§ Task details
From the first line of the listing to the last, set down everything exactly, but skip the images.

§ Given data
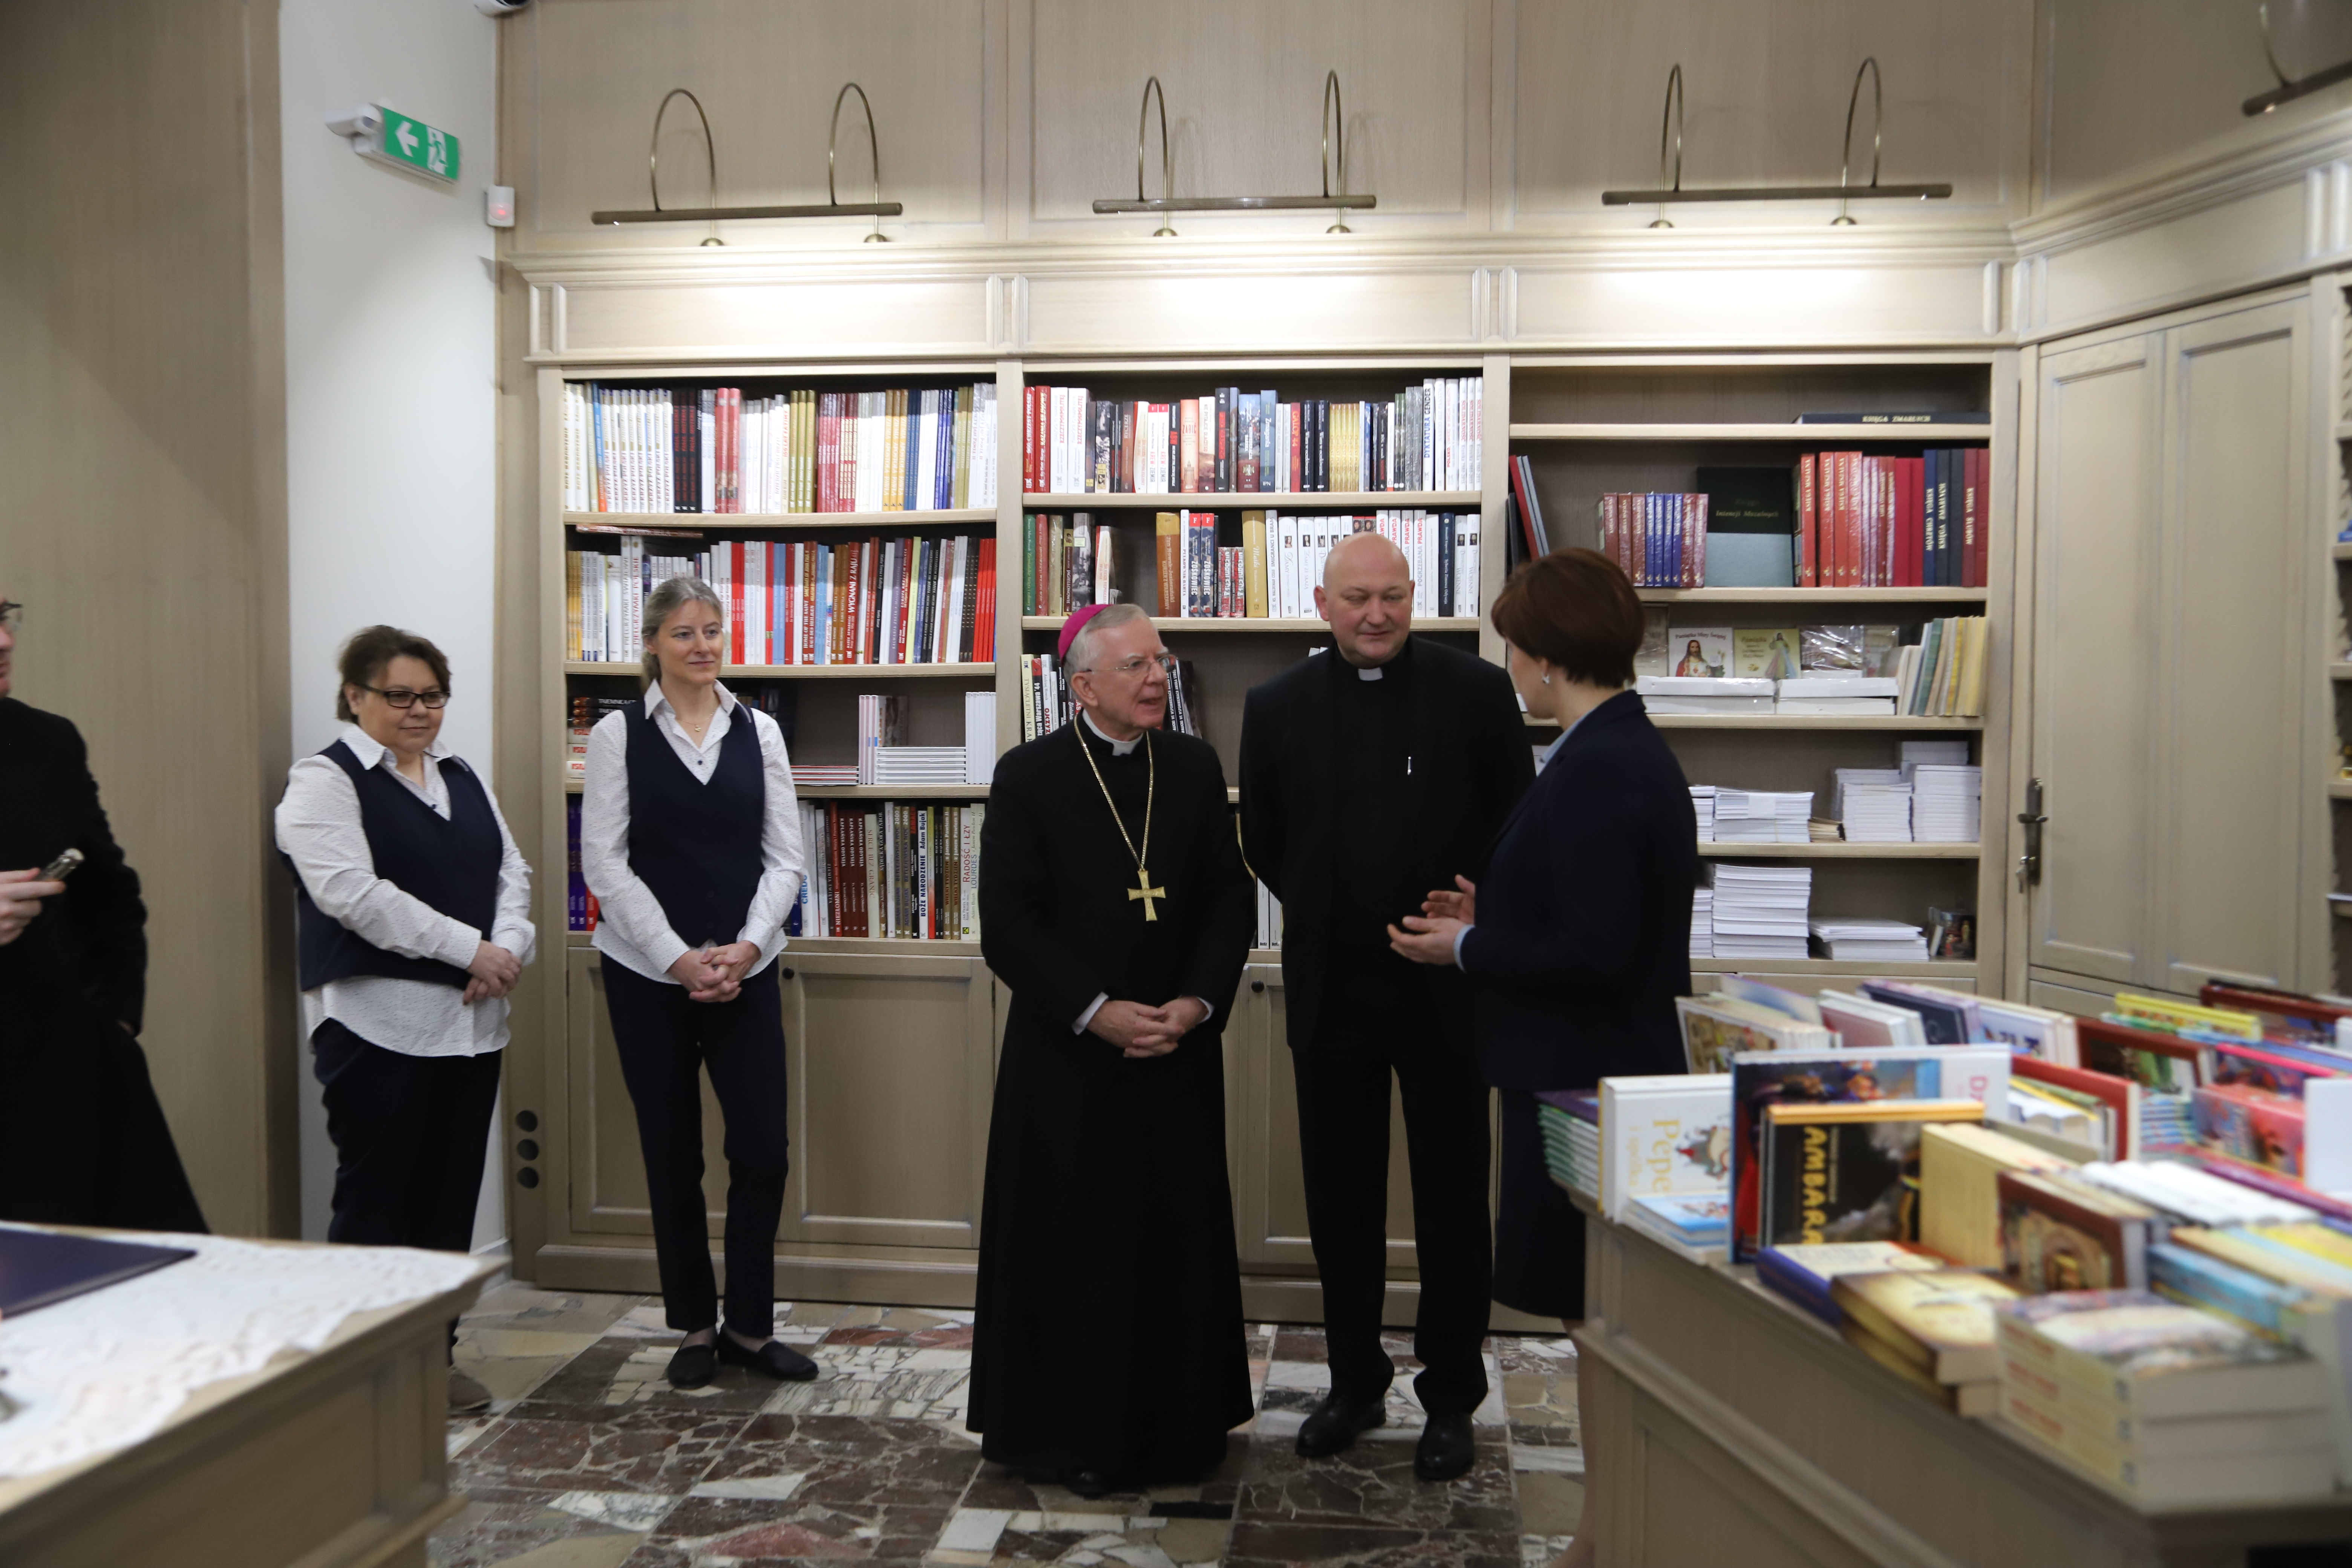 Metropolita poświęcił księgarnię św. Stanisława
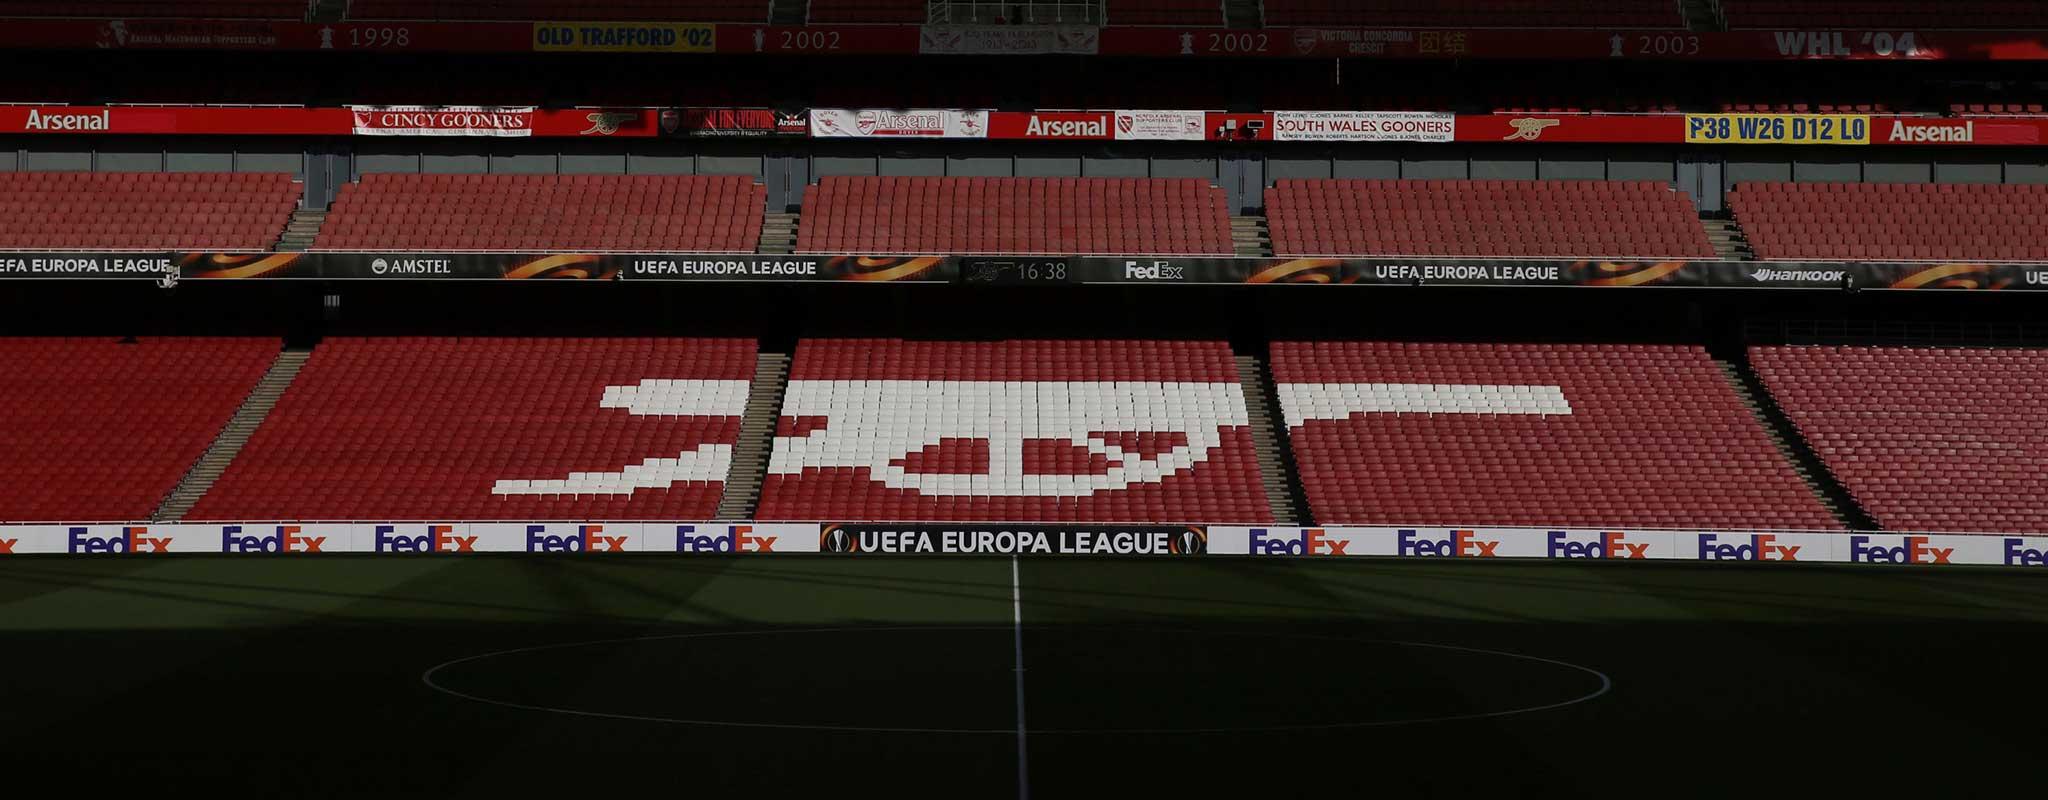 Arsenal Slavia Praha Arsenal Vs Slavia Praha UEFA
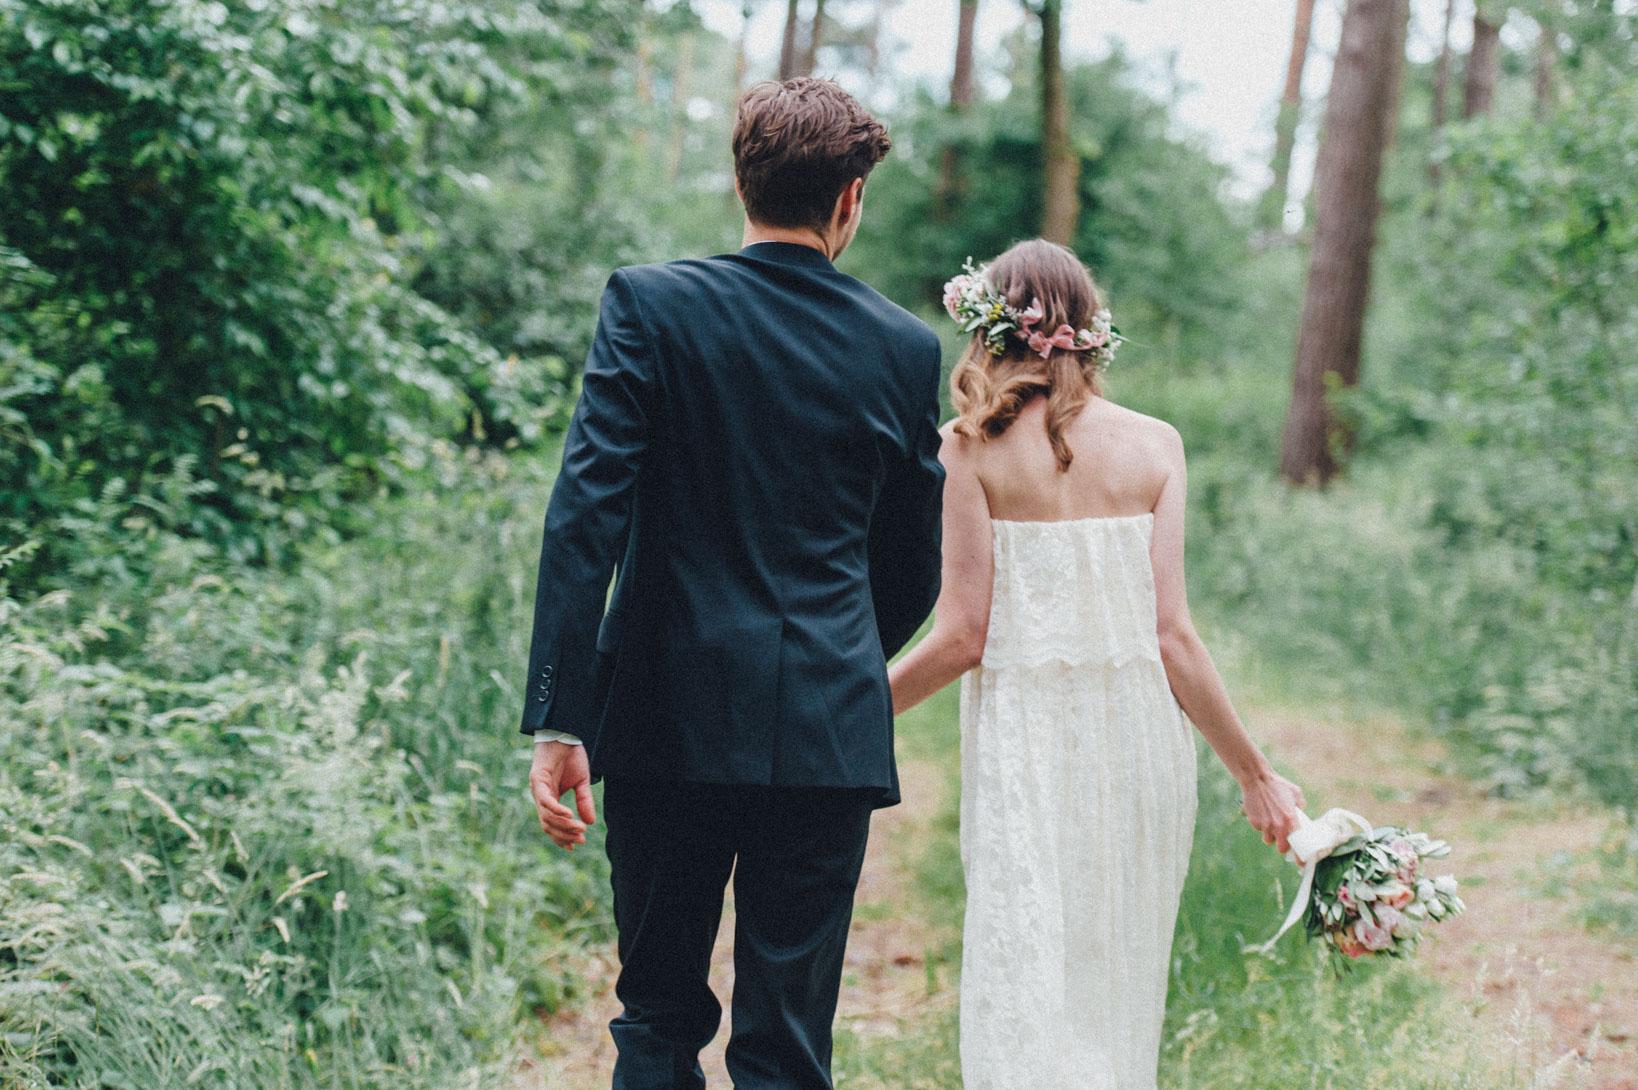 DIY-Hochzeit-gold-VW-Bully-79 Janet & Pierre DIY Midsummer-Wedding in Gold mit VW BulliDIY Hochzeit gold VW Bully 79

§ Answer to this task
 Metropolita poświęcił księgarnię św. Stanisława
 Arsenal Slavia Praha Arsenal Vs Slavia Praha UEFA
 DIY-Hochzeit-gold-VW-Bully-79 Janet & Pierre DIY Midsummer-Wedding in Gold mit VW BulliDIY Hochzeit gold VW Bully 79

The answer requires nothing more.